The presentation of CMH is variable and nonspecific and this is one of the causes of delayed diagnosis 12. CMH can be discovered incidentally or cause vague gastrointestinal symptoms, but more commonly it causes respiratory symptoms with repeated chest infections 4,8. In our study, the majority of our patients presented with repeated attacks of chest infections necessitating several courses of antibiotics and hospitalizations in some of them. To obviate this, physicians caring for these patients should be aware of this and a high index of suspicion is important to obviate delay in diagnosis with its associated morbidity, and infants and children presenting with recurrent chest infection should be investigated 25,29,31–35.
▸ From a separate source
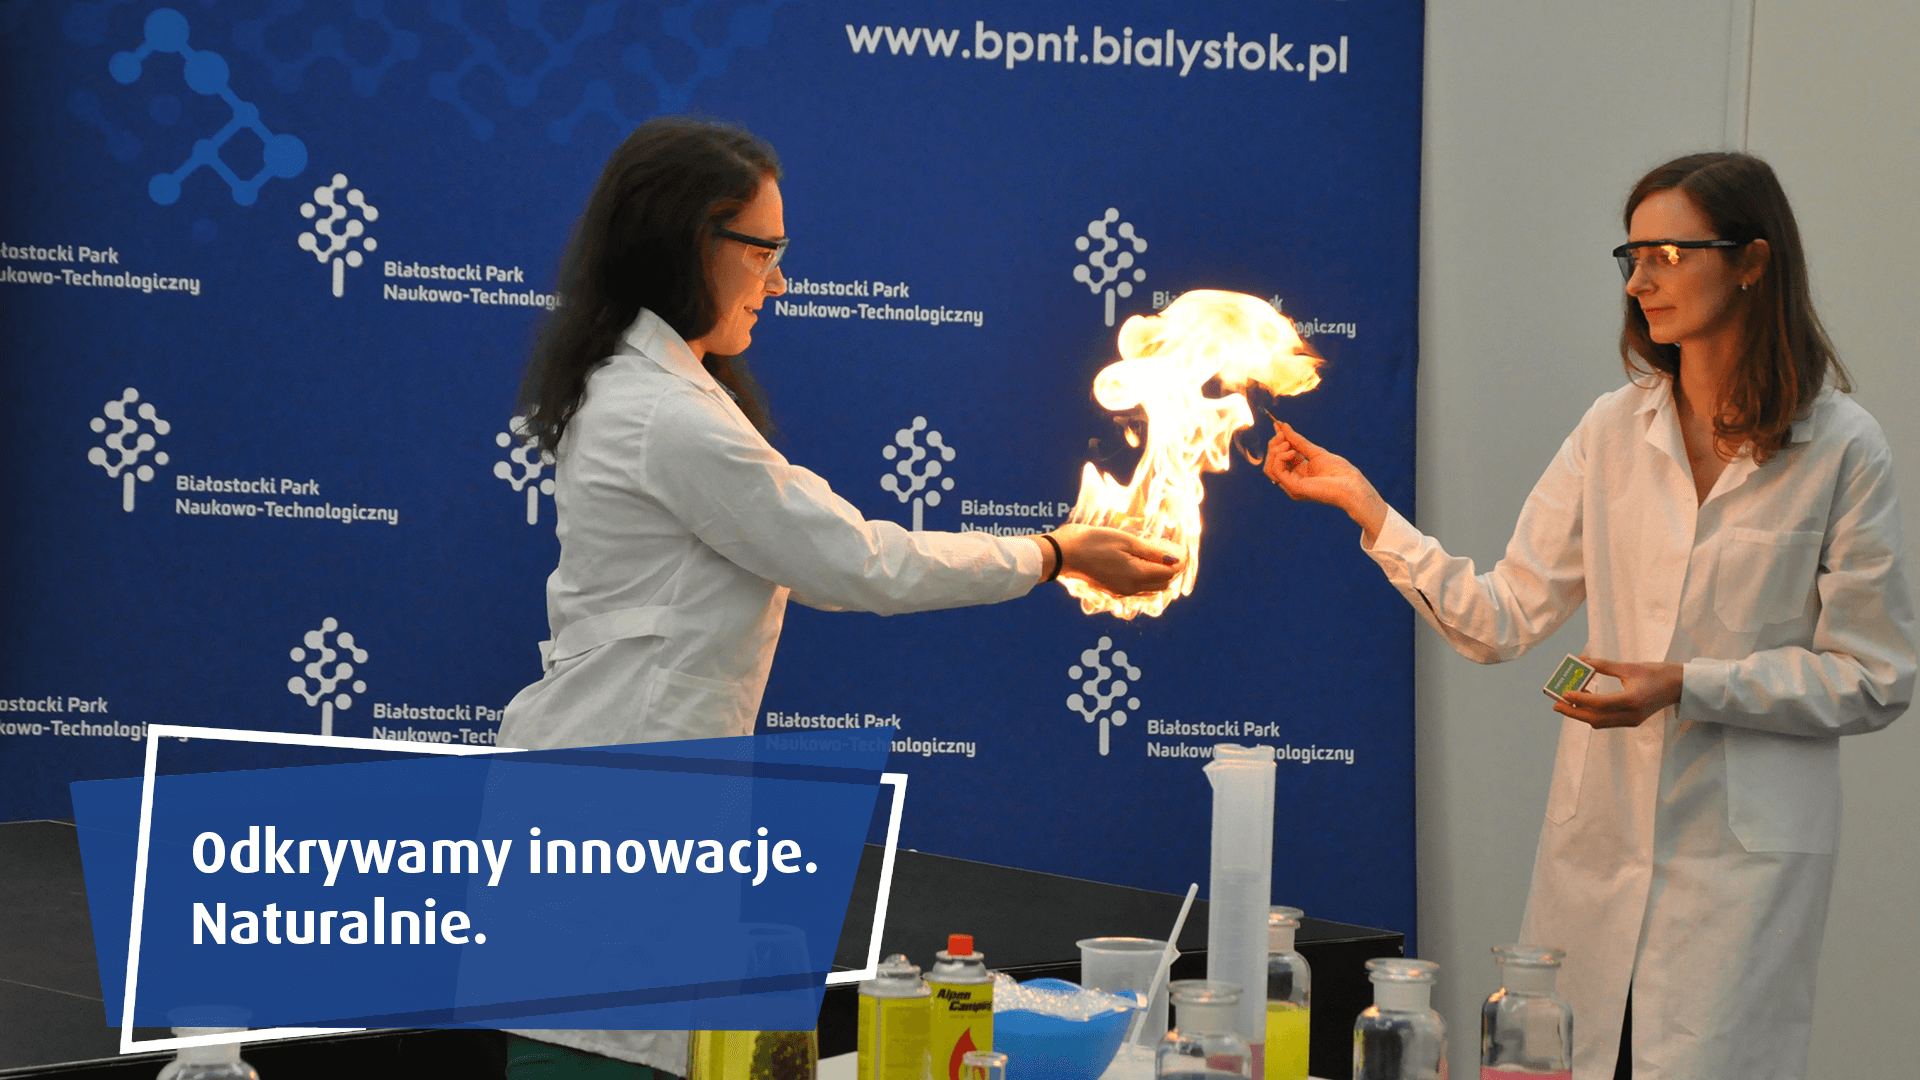 Odkrywamy innowacje. Naturalnie

In the neonatal period, CMH can present acutely with respiratory distress indistinguishable from that of Bochdalek hernia 1,36. Fifty-six (54.4%) of our patients presented with recurrent chest infection but 19 (18.4%) of them presented acutely with respiratory distress. Some of these patients were found to have bilateral CMH 8,13. Berman et al.1 concluded that late-presenting CMH is relatively benign; nevertheless, it causes significant morbidity 31–34. This is specially so if the child is not adequately investigated, where the diagnosis can be missed or delayed. At times, CMH remains asymptomatic or discovered accidently during evaluation of other nonrelated conditions 1,12,17,29,35. In seven (6.8%) of our patients, CMH was asymptomatic and was discovered during evaluation of other unrelated conditions. Rapid weight gains as well as history of trauma and ventriculoperitoneal shunts have been reported as contributing factors for the delayed appearance of CMH as a result of an increase in intra-abdominal pressure 8,12,13,19.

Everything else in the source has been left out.